I wish to learn how to draw realistic birds.

I have seen many drawing books talking about muscles in humans, bone structure etc. I wish to know that to draw realistic birds do I actually have to learn how many muscles they have and where they are placed?

Is that the way to draw realistic birds? or there is some other way?

  • 1
    Really there are some very good books out there on this. It covers anatomy, but also how various species posture themselves, etc. One that I would start with is Laws Guide on Birds. barnesandnoble.com/w/…
    – threetimes
    Jul 16, 2017 at 2:47

2 Answers 2


Knowing the anatomy of your subject will make you a better artist. Here's why...

I can think of four reasons why an artist studies the anatomy of what they intend render into a work of art:

1) Structure The human eye is very sensitive at identifying shapes and proportions. Get the structure wrong and the eye "will" see it. Knowing how something is put together will make it easier for you to reproduce it during the drawing process. You will also be able to critique your own work and know if the image is working or not.

2) Invention The artist may not have access to a reference photo of the exact pose they are looking to draw. In this case the artist will need to invent the pose by some means. Look up the stick figures of Terryl Whitlatch, or the maquettes of James Gurney. The stick figure and maquette are both tools available to the artist to help them draw better and be more inventive with the pose of their subject. It takes a solid understanding of anatomy to create a useable tools such as these artists use.

3)Further Learning When you know the anatomy of the subject it will be easier for you to communicate with others when discussing the subject. Being able to discuss the subject with others will make things clearer in your own mind. As new information comes up you will be better able to catalogue and integrate it with what you already know. Look up Richard Feynman's technique of how to learn anything. Feynman's approach to learning technique works for all subjects, even those subjects important to the artist.

4) Spiritual Empathy ... this gets into some artsy spiritual stuff ... Learning the anatomy of your subject brings you one step closer in developing your connection to what it is you want to draw. Artists look to put their energy into their works and combine it with the energy of their subject. To be able to detect that energy you need to develop a close relationship with your subject. It through this empathetic connection of understanding that you will be able to connect on a soulful level with the energy and spirit of your subject. Better understanding of your subject (anatomy, physiology, philosophy, behaviour, spirit) will make you a better artist of the subject.


I can offer no argument against knowing a subject's anatomy, this is especially true with hairless or shorthaired life forms, where sub-derma structure of bone and mass are visible at the surface.

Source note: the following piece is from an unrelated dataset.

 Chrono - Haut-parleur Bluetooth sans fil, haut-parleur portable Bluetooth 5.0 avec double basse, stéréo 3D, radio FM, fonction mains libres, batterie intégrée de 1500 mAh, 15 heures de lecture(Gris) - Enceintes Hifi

That said, birds offer the artist, relatively smooth uninterrupted visual forms. The feathers provide an envelope covering musculature and simplify the surface into balls and triangles for an initial sketch. This is where the challenge begins. Proportion and detail, the former being the more important quality from my perspective, must be addressed. How accurate do you want to be?

Study your chosen subject and place the anatomical features, like eyes, beak, and, feather placement in their correct location and proportion and you should produce a satisfying image.

I personally have two architectural scales and one engineering to help accurately position features onto the surface. You could also consider projecting the image. Measure, sketch or, project, you choose but, from experience, I've found accurate anatomical placement will go far toward giving you a realistic drawing and is more important than detail.

I try to think like an impressionist when I'm burdened by the desire to add detail.